§ WHAT TO PRODUCE: From the entries below, list each line with "Jacket".

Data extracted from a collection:
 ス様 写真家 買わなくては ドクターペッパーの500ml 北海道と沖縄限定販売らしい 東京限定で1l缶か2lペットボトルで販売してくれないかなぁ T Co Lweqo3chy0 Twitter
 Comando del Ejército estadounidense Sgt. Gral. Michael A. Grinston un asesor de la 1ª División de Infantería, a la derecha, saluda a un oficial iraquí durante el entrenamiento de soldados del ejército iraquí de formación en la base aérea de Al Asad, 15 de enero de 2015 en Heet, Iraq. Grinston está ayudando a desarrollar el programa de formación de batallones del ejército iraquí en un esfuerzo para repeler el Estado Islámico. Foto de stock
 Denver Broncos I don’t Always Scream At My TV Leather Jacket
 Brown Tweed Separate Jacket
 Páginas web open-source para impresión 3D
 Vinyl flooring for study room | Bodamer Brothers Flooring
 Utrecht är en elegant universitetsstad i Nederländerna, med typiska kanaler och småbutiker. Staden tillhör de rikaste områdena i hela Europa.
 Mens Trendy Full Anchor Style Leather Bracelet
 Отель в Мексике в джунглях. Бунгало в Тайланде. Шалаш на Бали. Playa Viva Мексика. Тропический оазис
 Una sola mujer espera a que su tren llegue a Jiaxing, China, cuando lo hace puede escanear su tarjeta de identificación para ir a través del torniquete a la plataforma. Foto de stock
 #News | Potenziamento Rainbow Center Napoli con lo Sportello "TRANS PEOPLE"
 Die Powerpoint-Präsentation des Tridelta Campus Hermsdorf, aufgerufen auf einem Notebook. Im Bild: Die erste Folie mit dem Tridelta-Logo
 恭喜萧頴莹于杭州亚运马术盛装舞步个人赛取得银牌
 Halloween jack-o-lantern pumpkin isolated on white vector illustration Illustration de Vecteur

§ RESPONSE AREA:
 Denver Broncos I don’t Always Scream At My TV Leather Jacket
 Brown Tweed Separate Jacket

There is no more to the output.